A common method of measuring the accuracy of regression models is to use the R2 statistic.

The R2 statistic is defined as follows:

R2=1–RSSTSS
The RSS (Residual sum of squares) measures the variability left unexplained after performing the regression
The TSS measues the total variance in Y
Therefore the R2 statistic measures proportion of variability in Y that is explained by X using our model
R2 can be determined using our test set and the model’s score method.

In [25]:
regression_model.score(X_test, y_test)

0.8285231316459772

So in our model, 82.85% of the variability in Y can be explained using X

We can also get the mean squared error using scikit-learn’s mean_squared_error method and comparing the prediction for the test data set (data not used for training) with the ground truth for the data test set:

In [26]:
from sklearn.metrics import mean_squared_error

y_predict = regression_model.predict(X_test)

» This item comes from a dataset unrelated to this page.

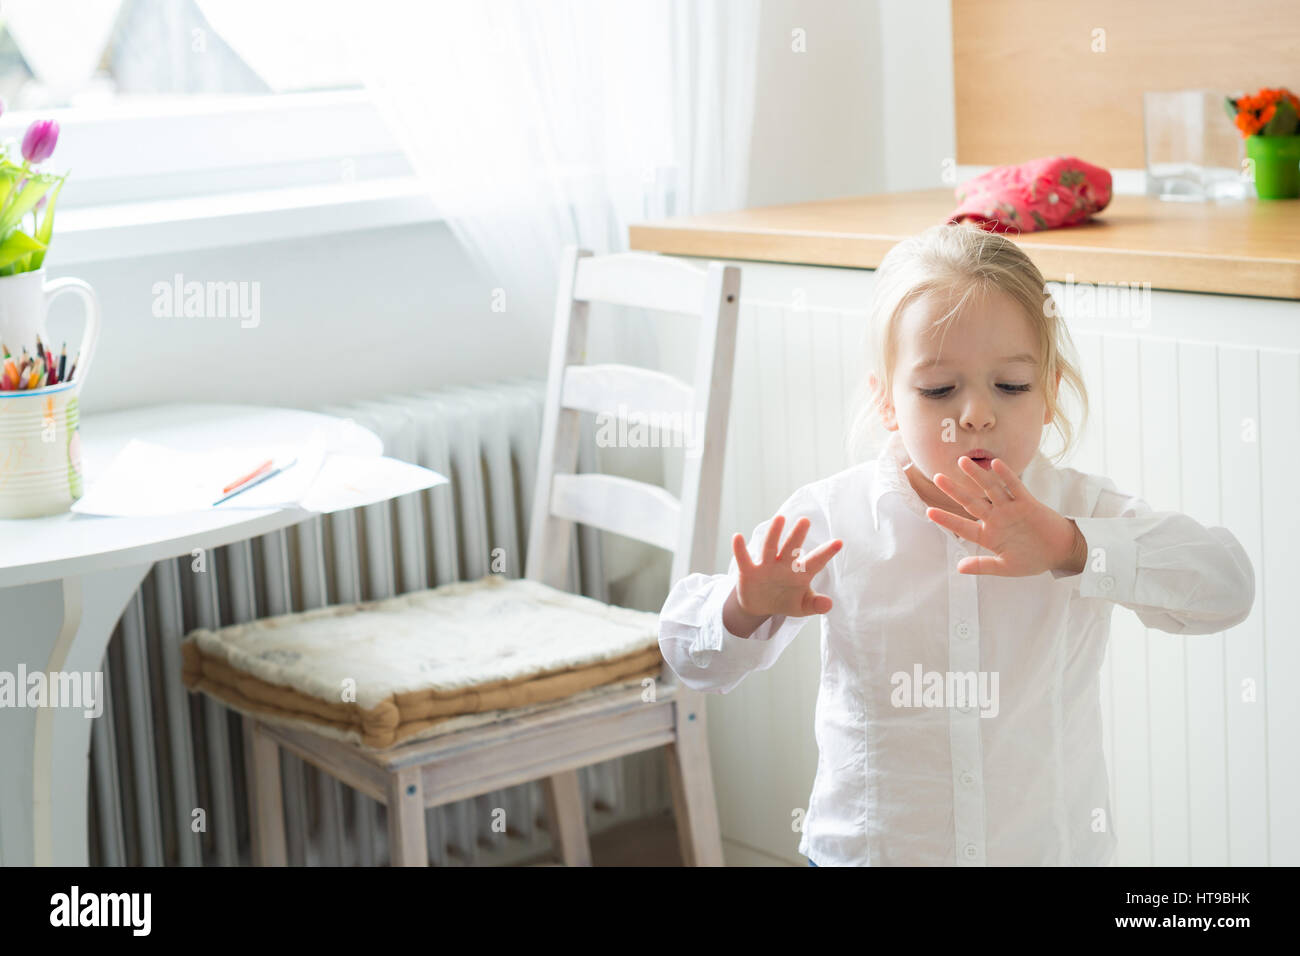 Bambina cercando di asciugare la sua dipinta di fresco unghie Immagini Stock

regression_model_mse = mean_squared_error(y_predict, y_test)

regression_model_mse

12.230963834602674

In [27]:
import math

math.sqrt(regression_model_mse)

3.4972794904900972

So we are an average of 3.50 mpg away from the ground truth mpg when making predictions on our test set.

We can use our model to predict the miles per gallon for another, unseen car. Let’s give it a go on the following:

Cylinders – 4
Displacement – 121
Horsepower – 110
Weight – 2800
Acceleration – 15.4
Year – 81
Origin – Asia

In [28]:
regression_model.predict([[4, 121, 110, 2800, 15.4, 81, 0, 1, 0]])

array([[28.6713418]])

The car above is the information for a Saab 900s and it turns out that this is quite close to the actual mpg of 26 mpg for this car.